Molecular and biochemical elucidation of a cellular phenotype characterized by adenine analogue resistance in the presence of high levels of adenine phosphoribosyltransferase activity.

A mouse embryonal carcinoma cell line isolated for resistance to the adenine analogue 2,6-diaminopurine (DAP) was found to have near-wild-type levels of adenine phosphoribosyltransferase (APRT) activity in a cell-free assay. This DAP-resistant (DAPr) cell line, termed H29D1, also exhibited near-wild-type levels of adenine accumulation and the ability to grow in medium containing azaserine and adenine. Growth in this medium requires high levels of intracellular APRT activity.

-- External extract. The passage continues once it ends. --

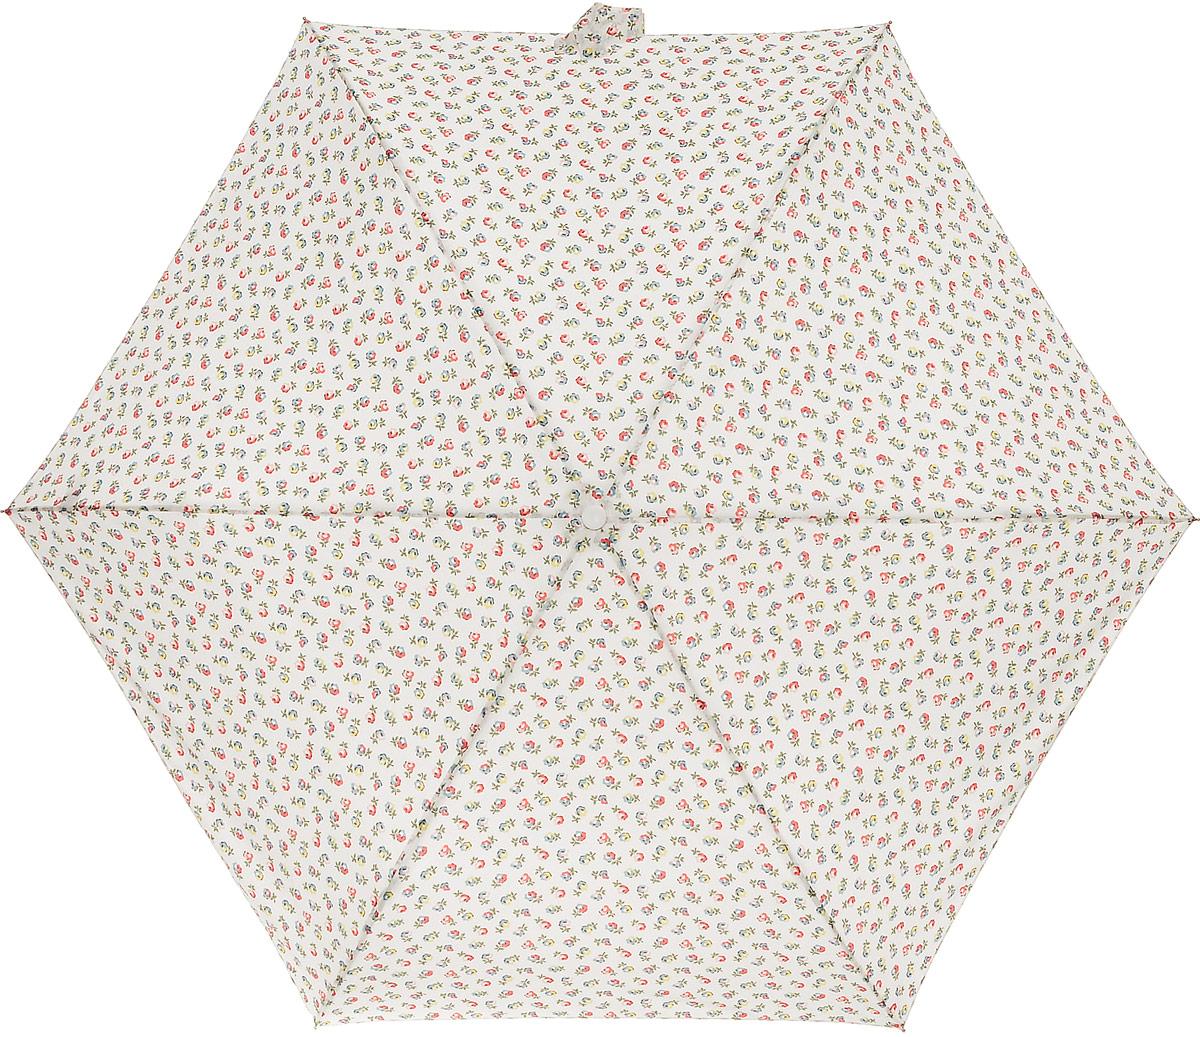 Зонт женский Cath Kidston Minilite, механический, 3 сложения, цвет: молочный, мультиколор. L768-2851L768-2851 ElginDitsyCreamСтильный механический зонт Cath Kidston Minilite в 3 сложения даже в ненастную погоду позволит вам оставаться элегантной. Облегченный каркас зонта выполнен из 8 спиц из фибергласса и алюминия, стержень также изготовлен из алюминия, удобная рукоятка - из пластика. Купол зонта выполнен из прочного полиэстера. В закрытом виде застегивается хлястиком на липучке. Яркий оригинальный цветочный принт поднимет настроение в дождливый день. Зонт механического сложения: купол открывается и закрывается вручную до характерного щелчка. На рукоятке для удобства есть небольшой шнурок, позволяющий надеть зонт на руку тогда, когда это будет необходимо. К зонту прилагается чехол с небольшой нашивкой с названием бренда. Такой зонт компактно располагается в кармане, сумочке, дверке автомобиля.
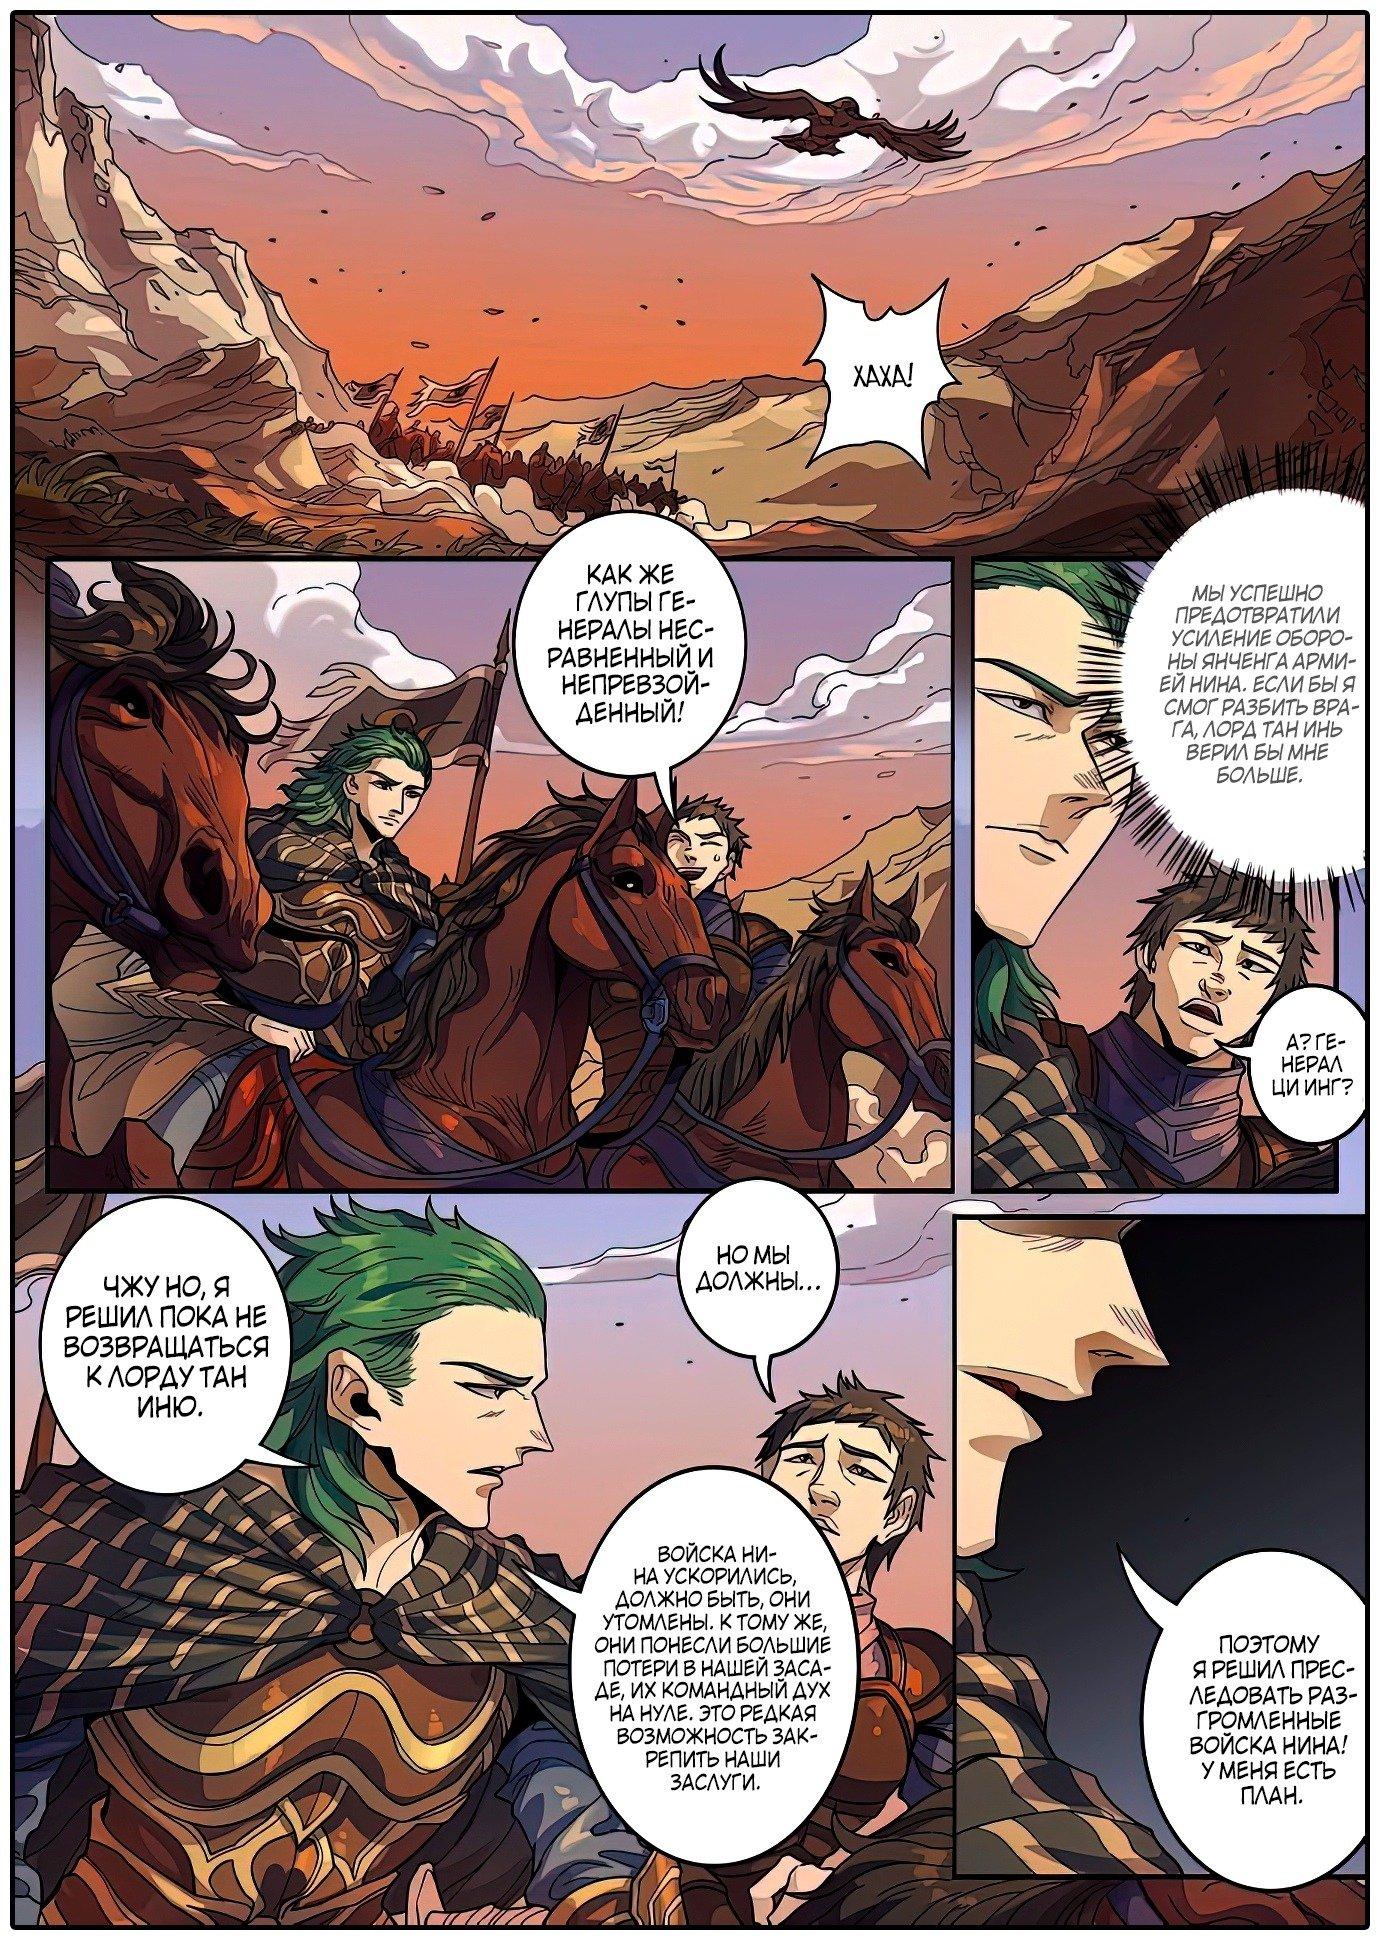 Манга Приключения Дона в другом мире - Глава 319 Страница 1

Using the polymerase chain reaction (PCR) and the dideoxy chain termination sequencing technique, an A-->G transition was discovered in exon 3 of the aprt gene in H29D1. This mutation resulted in an Arg-to-Gln change at amino acid 87 of the APRT protein that, in turn, resulted in a decreased affinity for adenine. An increased sensitivity of APRT to inhibition by AMP was observed when comparing H29D1 to P19, the parental cell line. Using a transgene containing the A-->G mutation, we demonstrated that this mutation is responsible for the biochemical and cellular phenotypes observed for the H29D1 cell line. The approach used in this study provides a definitive method for linking a mutation to a specific cellular phenotype.